Disgraced FTX co-founder Sam Bankman-Fried (now known to some as Scam Bankrun Fraud) is a son of professors. Both of his parents teach at Stanford University law school. The parents of SBF’s associate Caroline Ellison are economists at Massachusetts Institute of Technology. Meaning these are people with highly-educated parents. Until now, SBF only is in police custody, while most of his cohorts are out of the reach of law.

Meanwhile, following collapse of FTX and speculations of more collapses in the crypto sector global audit firm Mazars has deleted the website that hosted proofs-of-reserves work for cryptocurrency exchanges. The company told Bloomberg that it is suspending its work with crypto companies on proofs-of-reserves reports going forward.

Mazars appeared a few times in crypto news over the past few weeks because it started issuing those reports for cryptocurrency exchanges. The idea is that exchanges could reassure their users after the FTX downfall. Mazars also used Merkle trees so that users could check that their crypto assets are included in the report by entering a hash.

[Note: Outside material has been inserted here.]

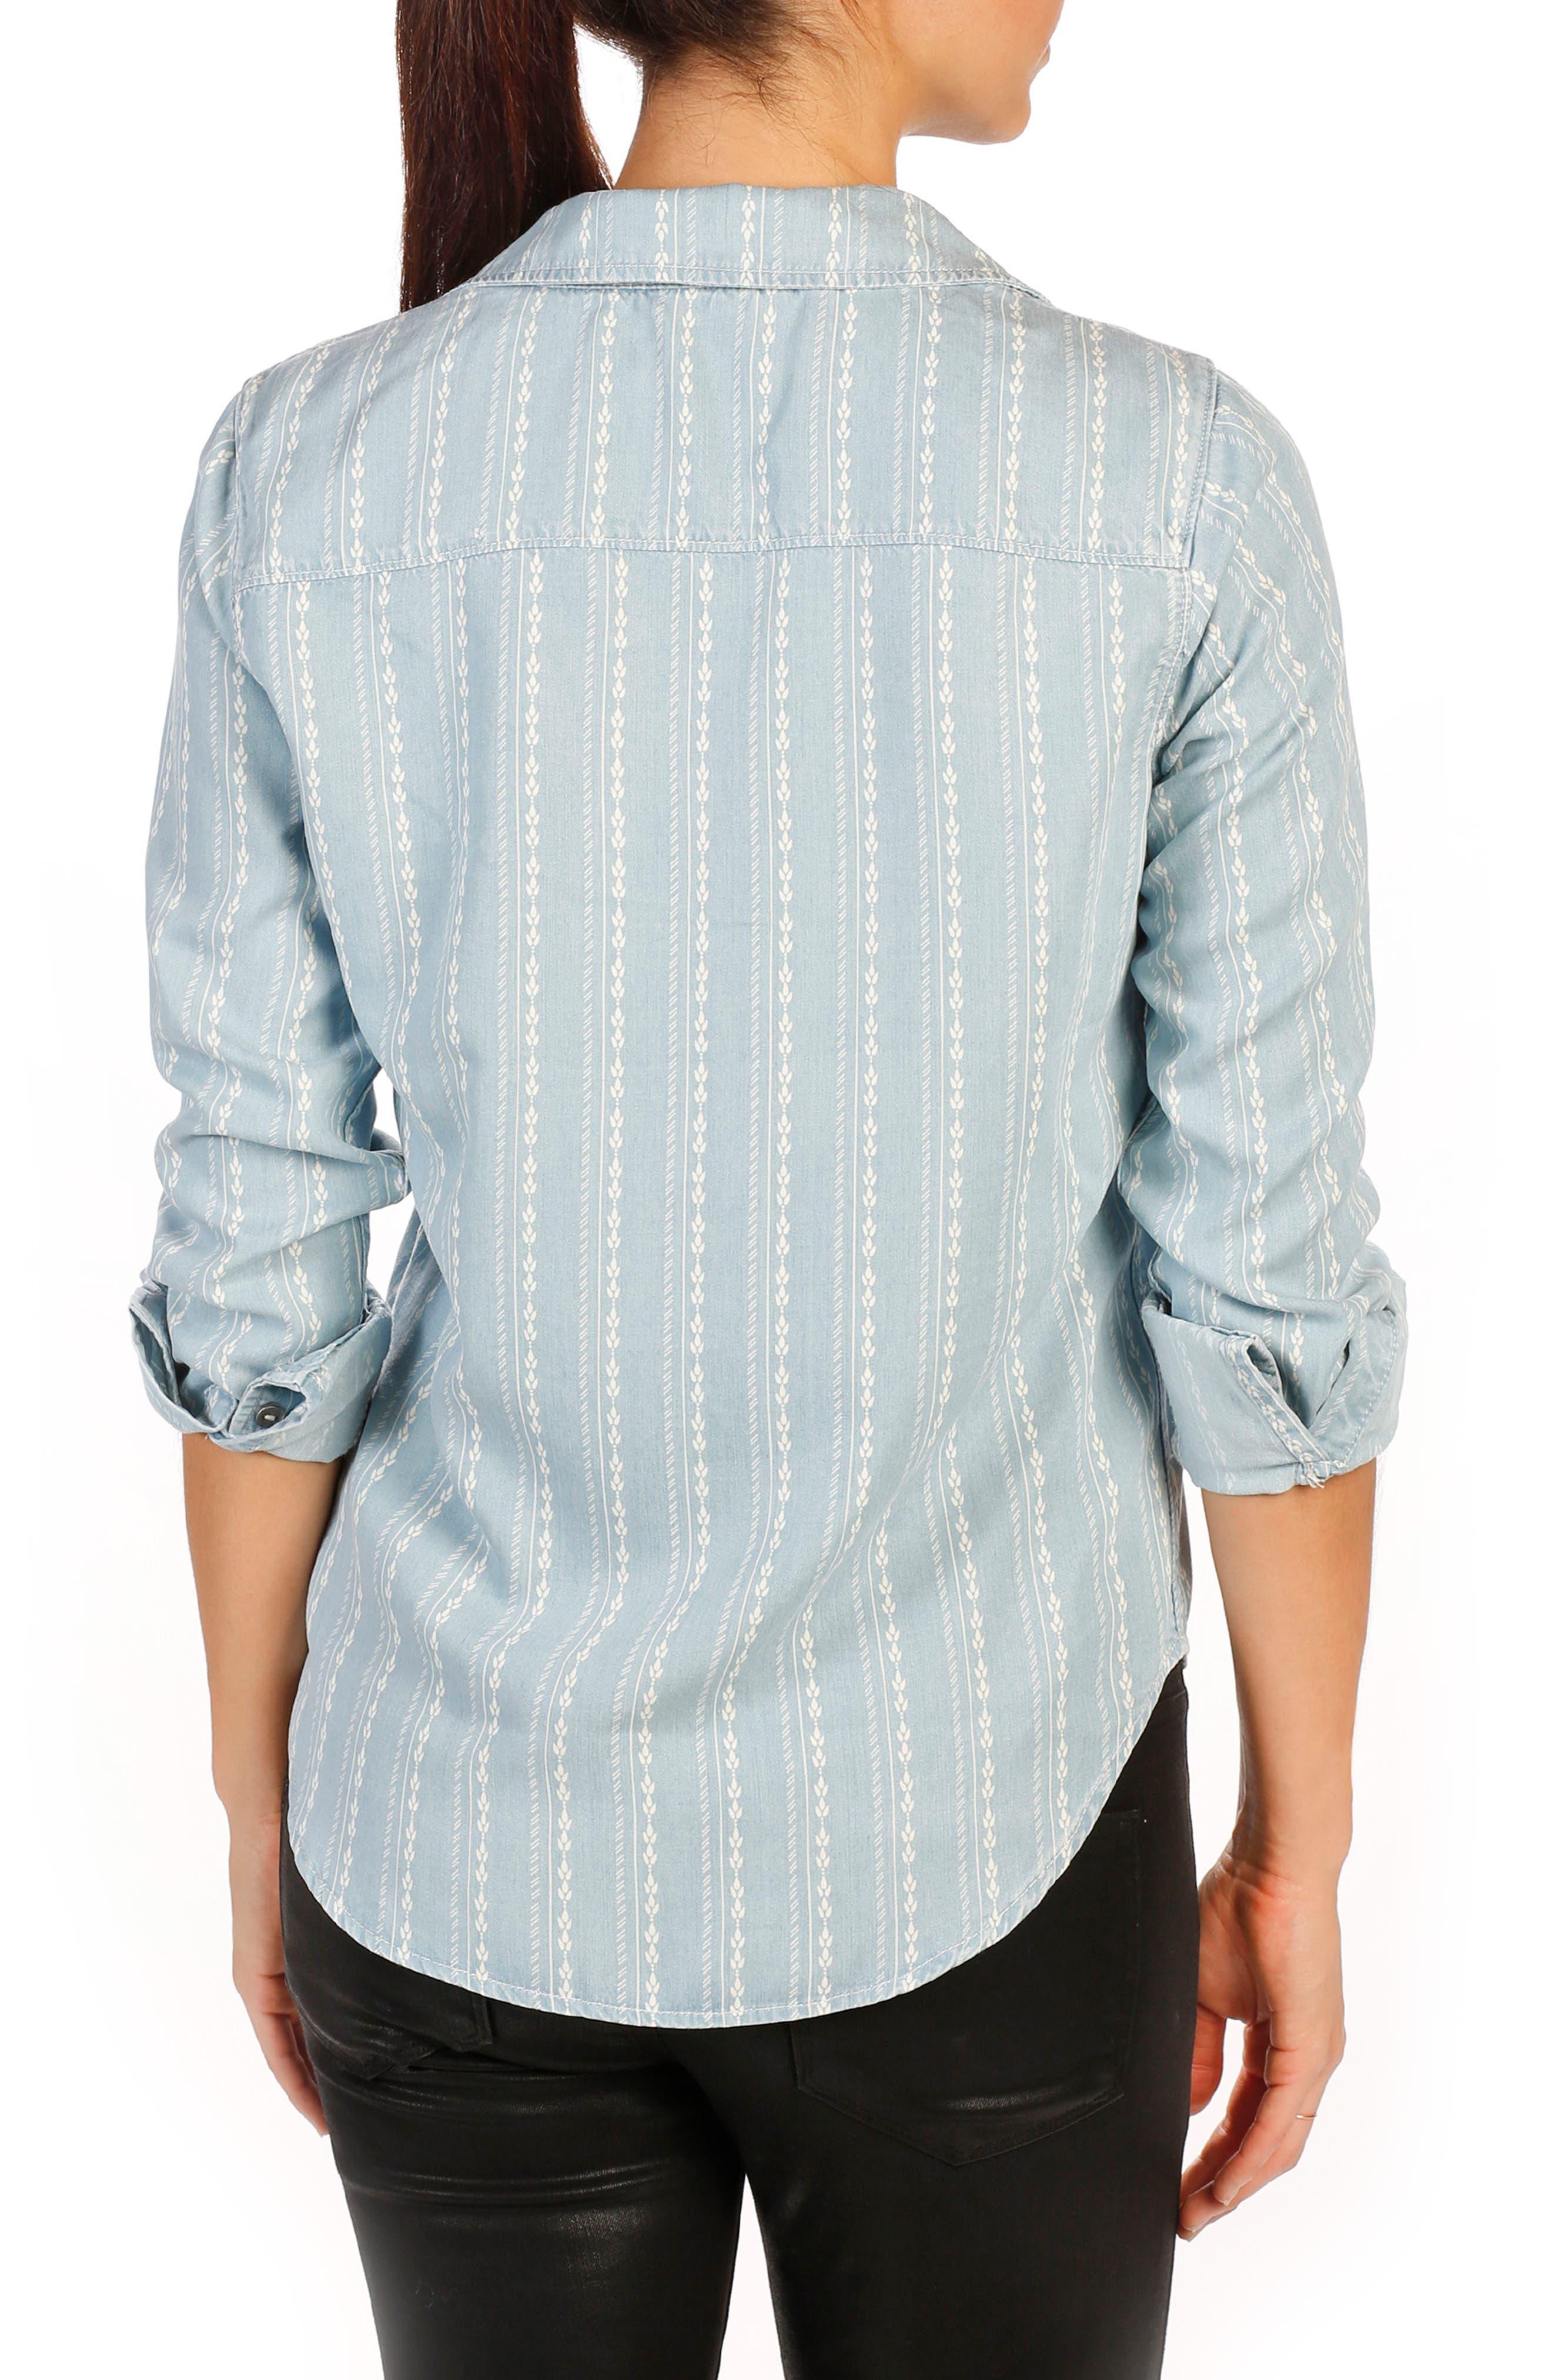 Trista Denim Shirt,                             Alternate thumbnail 2, color,                             400

Clients of the audit firm include Crypto.com and Kucoin. But the most prominent client was Binance. Mazars certified last week that Binance held enough bitcoins and wrapped bitcoins to cover all users’ balances on the exchange as of November 22.

But when Binance and Mazars announced the proof-of-reserves report for the exchange’s bitcoin reserves, many people were quick to point out that this report only covered a small portion of Binance’s activities.

It could be seen as a step in the right direction, but it doesn’t mean much when it comes to Binance’s handling of all crypto assets across all its products. Similarly, it’s hard to see whether user assets are separated properly from Binance’s own balance sheet.

As long as Binance doesn’t share the full picture, it’s impossible to say with 100 percent certainty that Binance currently holds user accounts in segregated crypto wallets without any market exposure.